> Provided data:
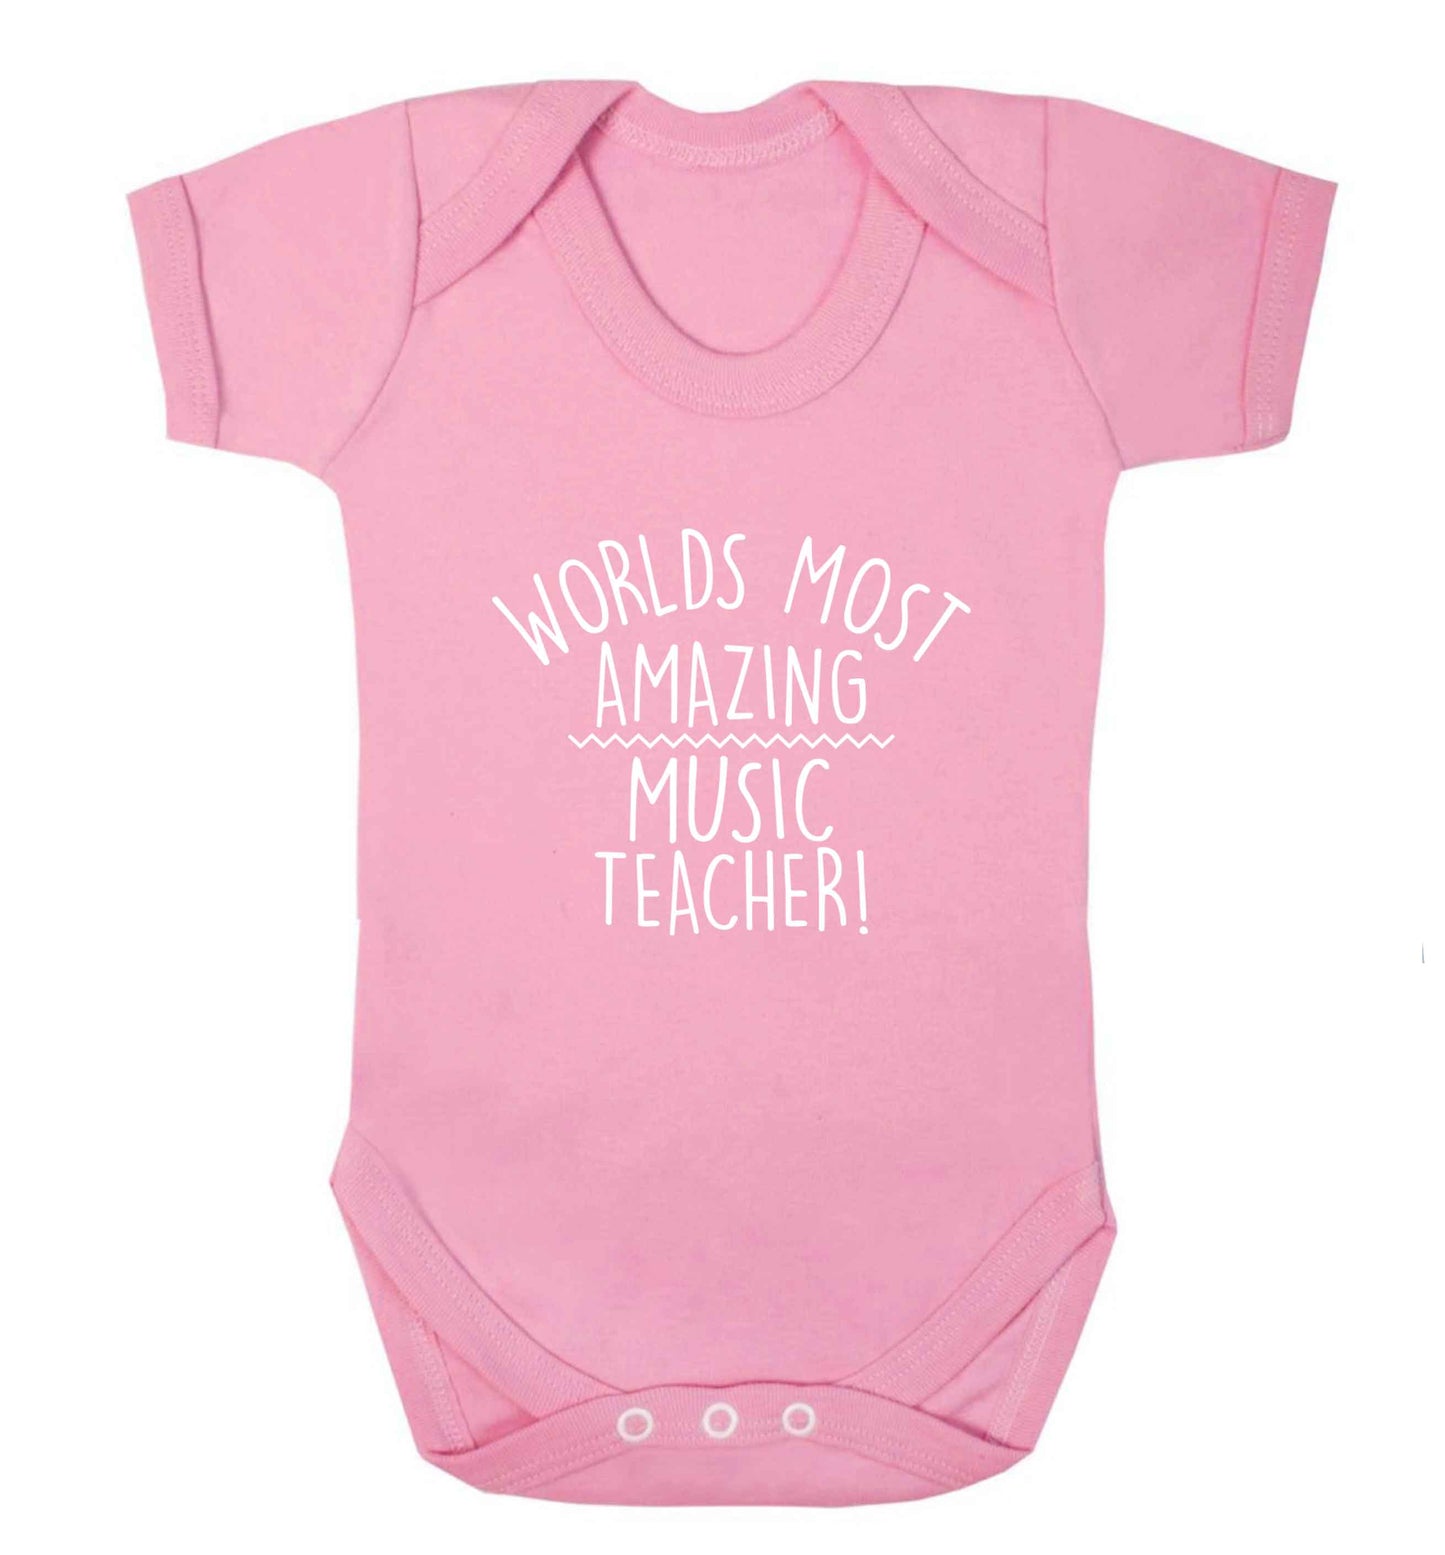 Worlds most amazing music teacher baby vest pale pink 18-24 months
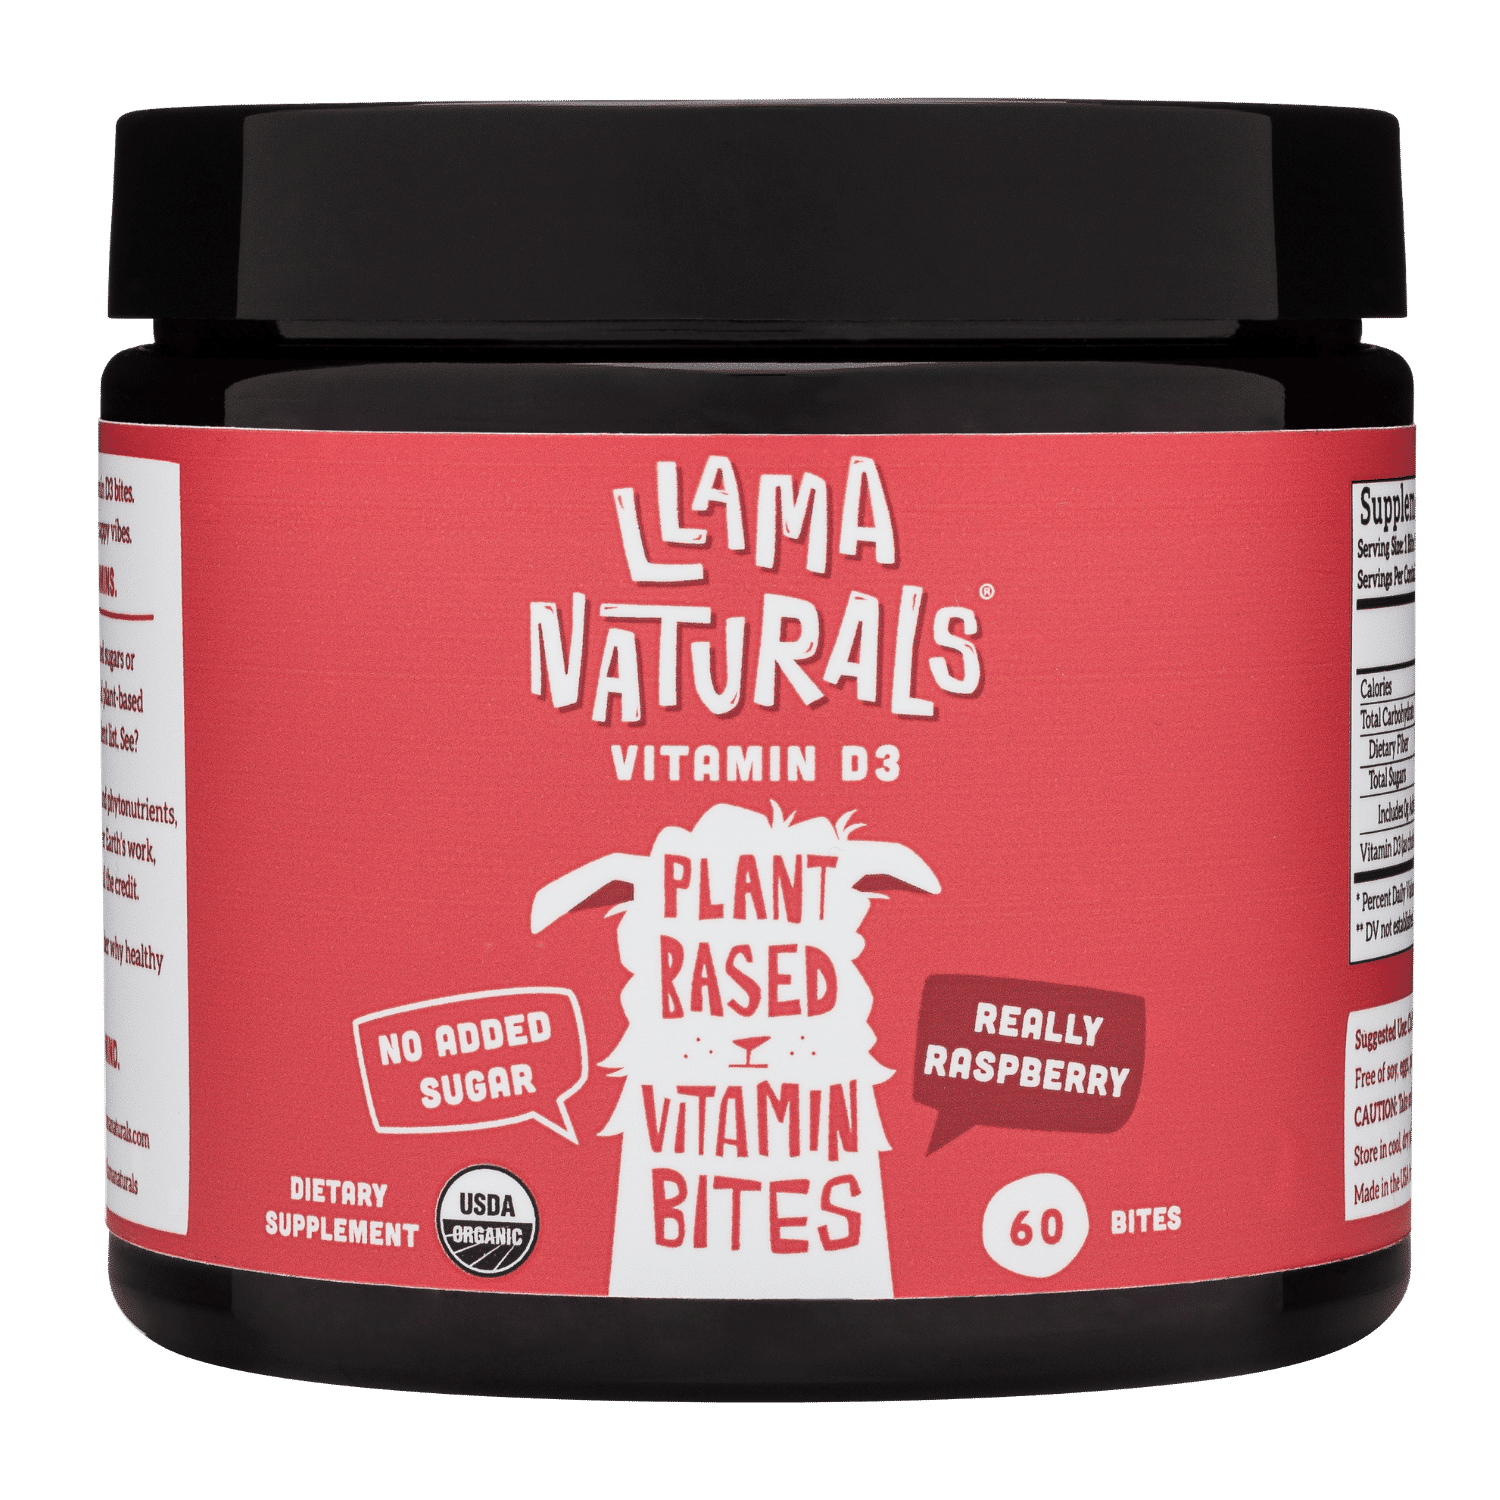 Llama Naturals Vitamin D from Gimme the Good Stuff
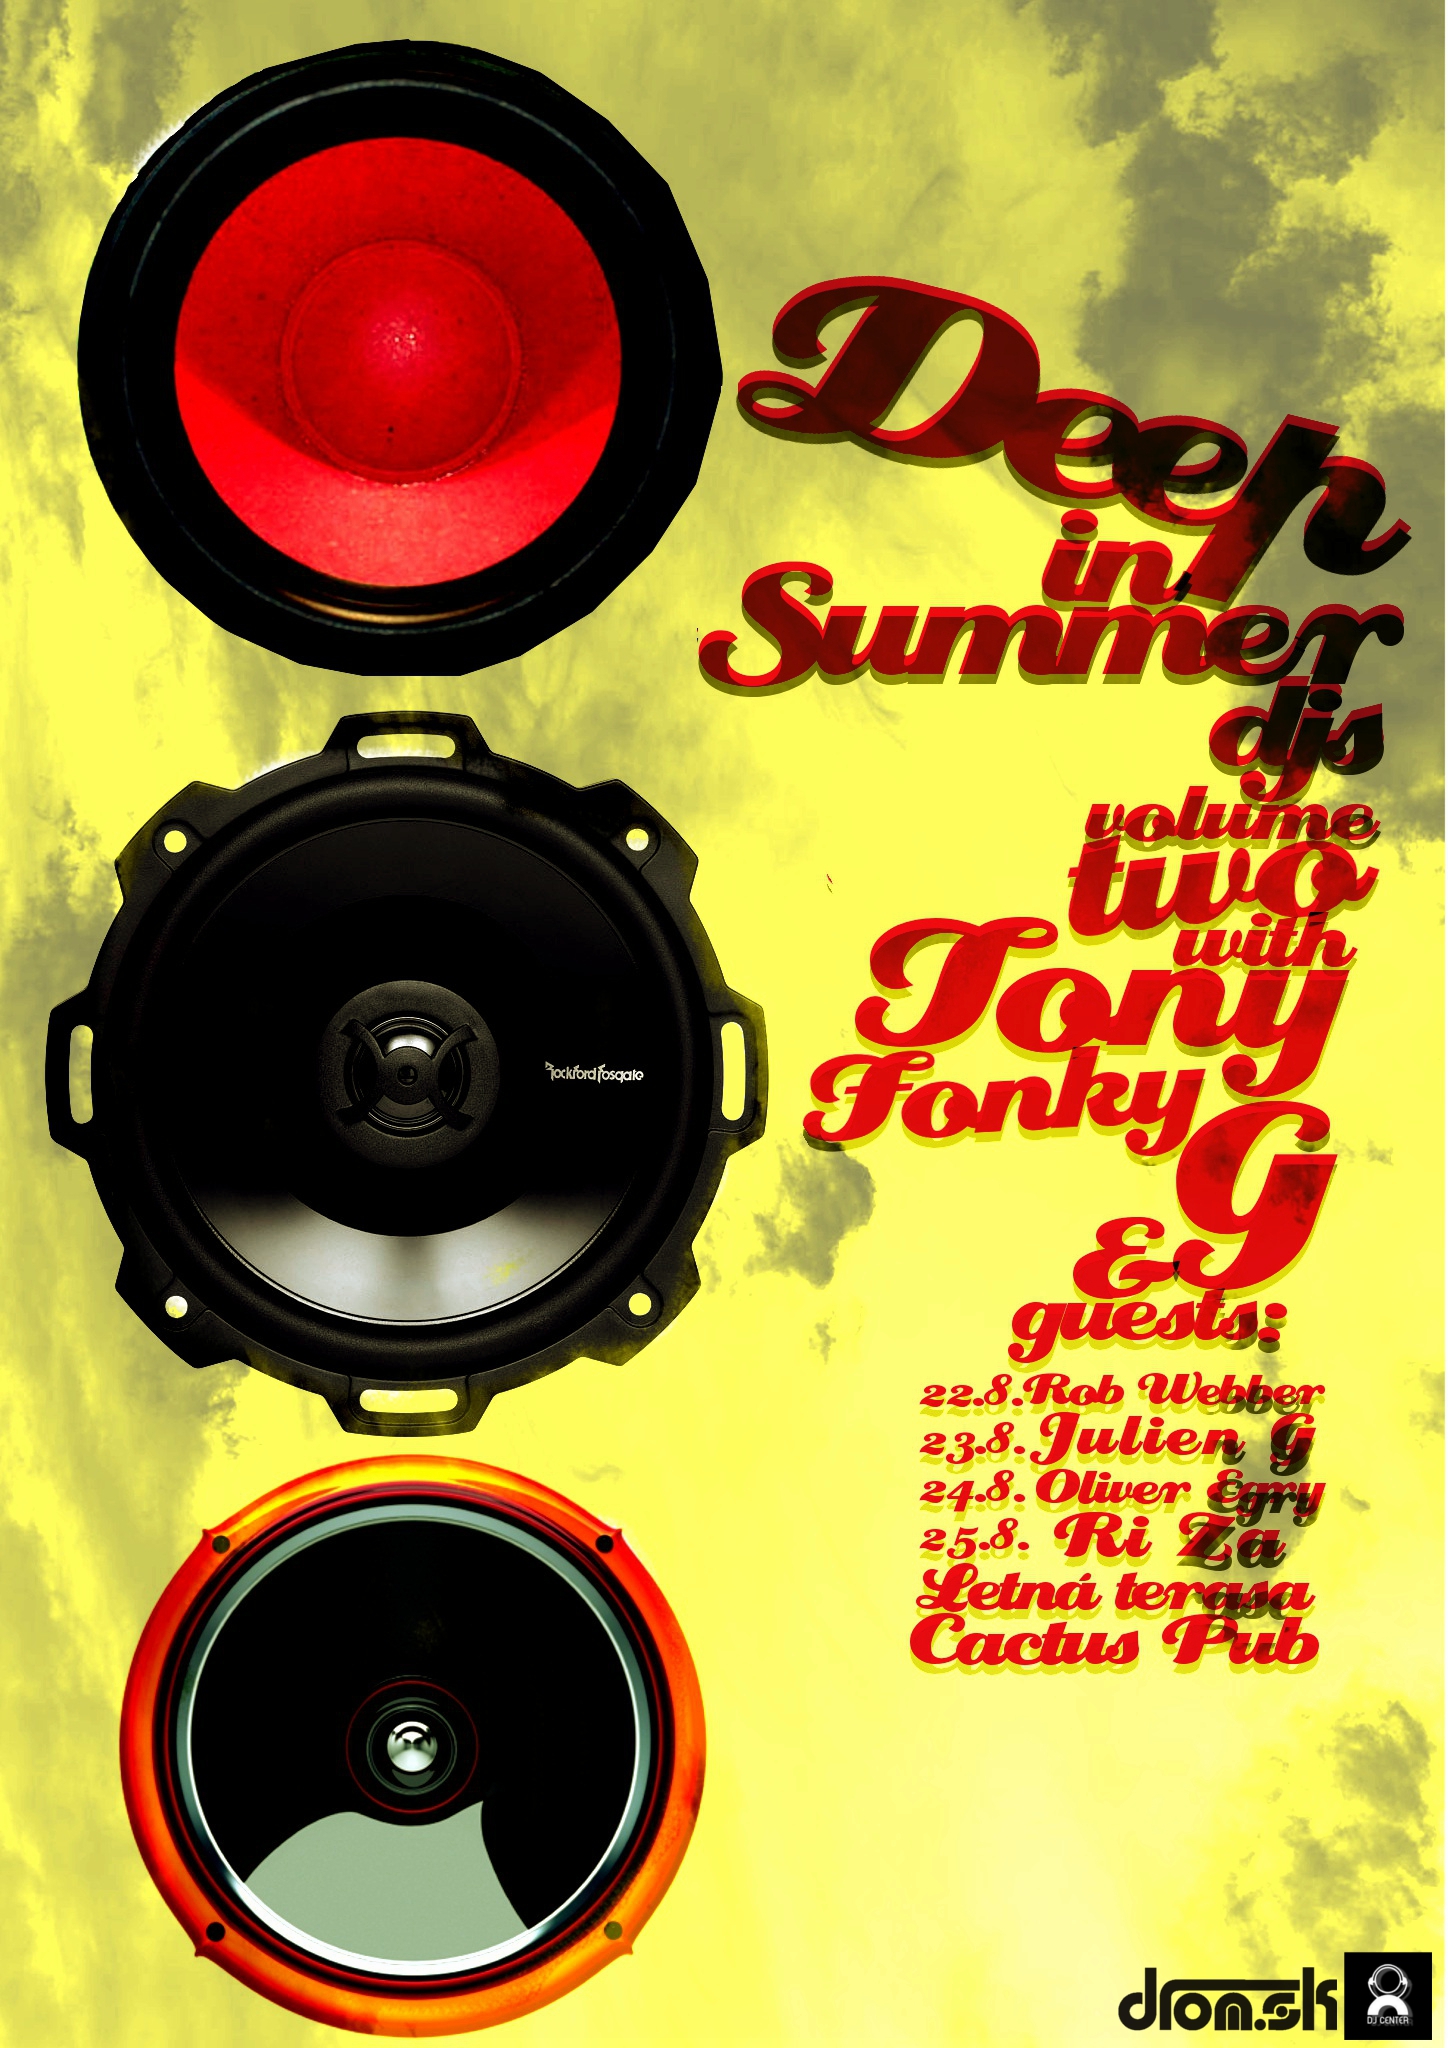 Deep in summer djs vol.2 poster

> Your instructions:
Return exactly the lines from the line with "Llama Naturals Vitamin" through the last line of the data above, both included; pictures do not go in the answer.

> Task output:
 Llama Naturals Vitamin D from Gimme the Good Stuff
 Deep in summer djs vol.2 poster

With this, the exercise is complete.